Barbara Atwood, professor of law emerita with the University of Arizona James E. Rogers College of Law, said the justices may see a point there.
“I think the legal argument that might be persuasive to them is that the Court of Appeals was too creative in its effort to harmonize these laws,” Atwood said.
Republican Senate President Warren Peterson and House Majority Leader Ben Toma “have filed their own amicus brief arguing the Legislature’s intent was to leave in place the more restrictive abortion law,” Katherine Davis-Young reported. The brief’s introduction nicely summarizes the argument. (Internal citations omitted):
This case pivots on two uncontested propositions of law.
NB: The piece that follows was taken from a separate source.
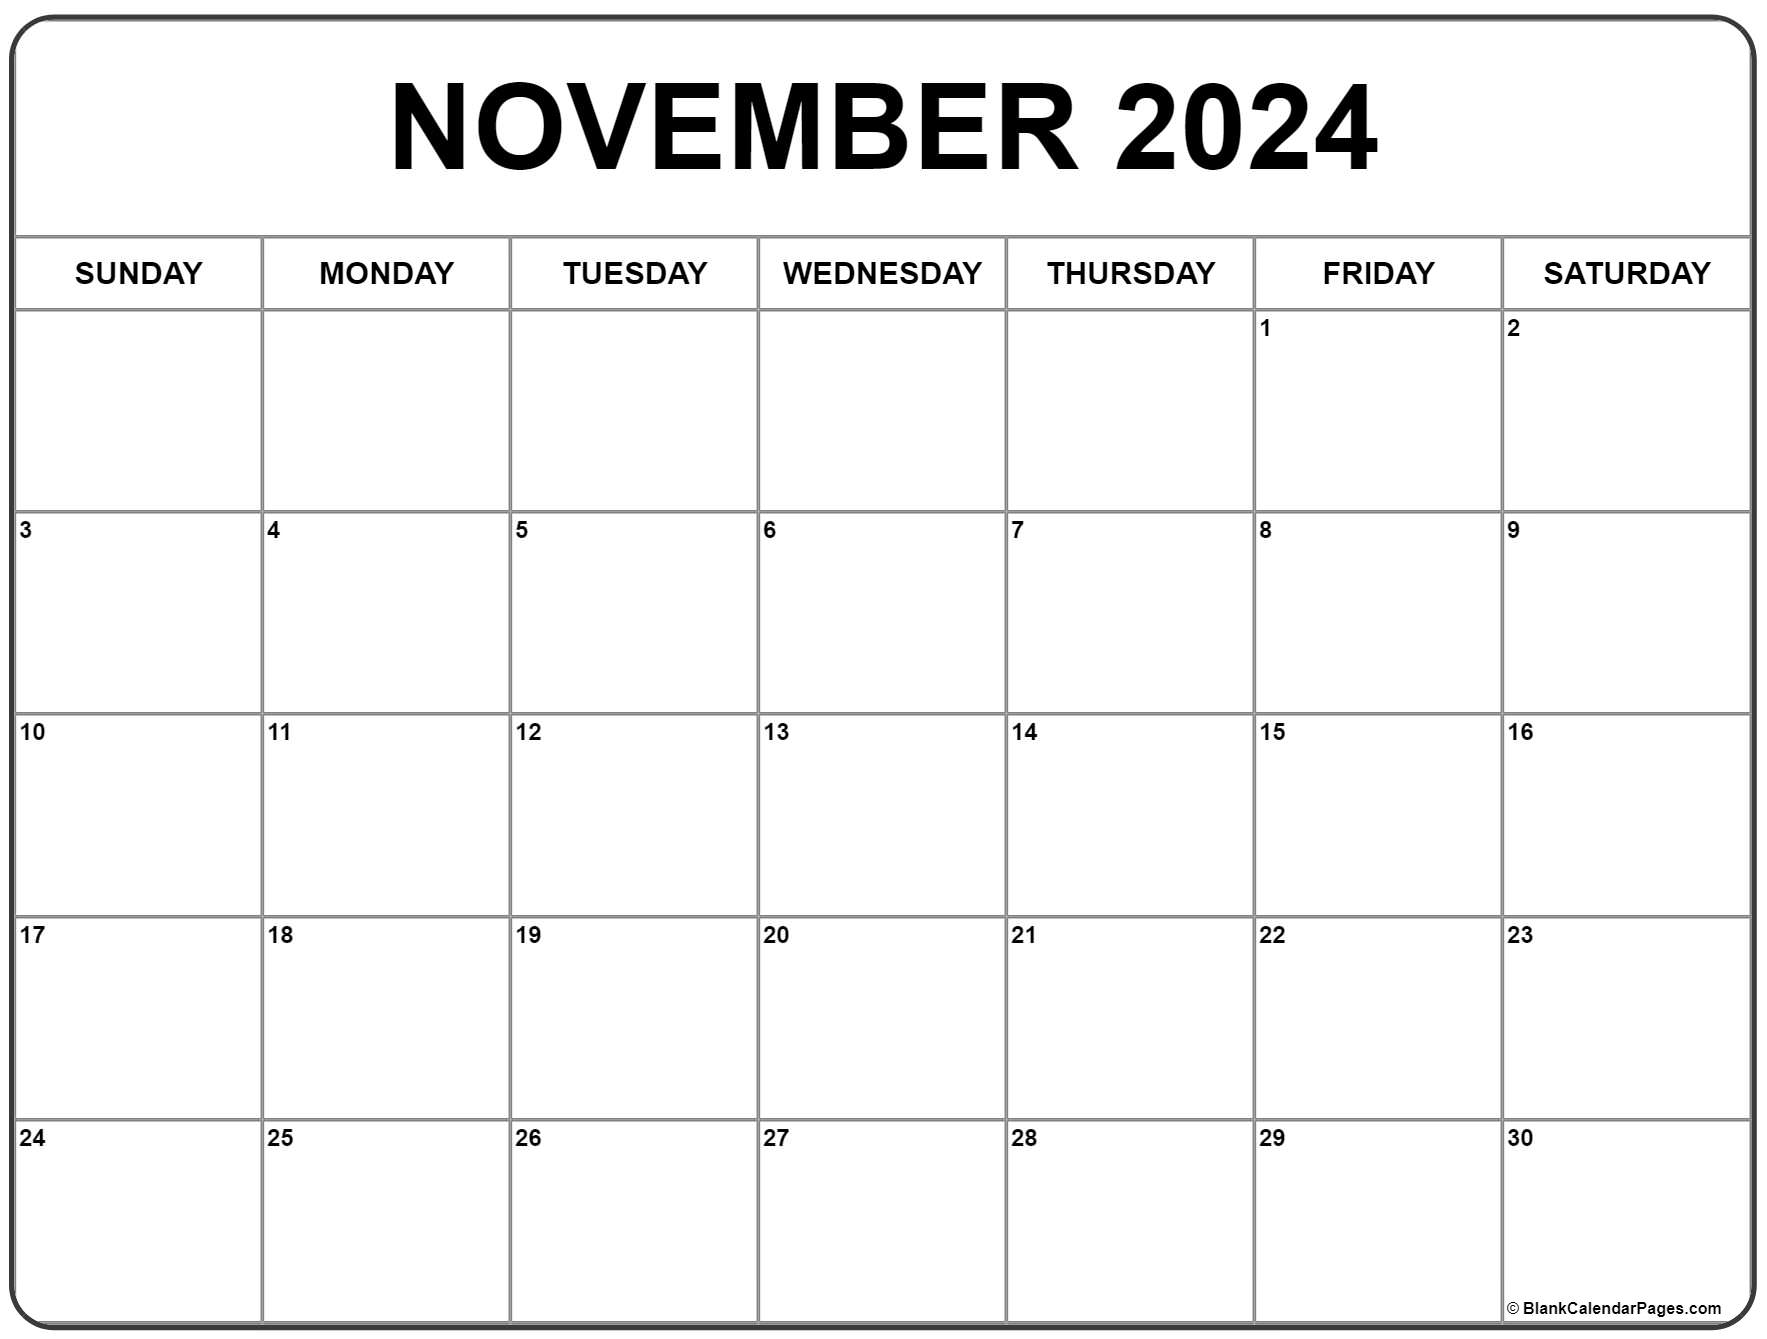 Nov Calendar 2022 November 2022 Calendar | Free Printable Calendar Templates

First, in determining whether and under what circumstances abortions may be lawfully performed in Arizona, the judiciary must “give effect to legislative intent.” Second, the Legislature not only has never repealed [the 1864 law]—which for more than a century has prohibited any “person” from providing an abortion at any stage of pregnancy “unless it is necessary to save [the mother’s] life”—but explicitly disclaimed any intention of doing so.
The Court of Appeals and the Respondents maintain rhetorical fidelity to these premises, but their interpretive exertions deliver precisely the result they purportedly foreswear: an implied repeal of [the 1864 law] by an archipelago of provisions scattered throughout Title 36.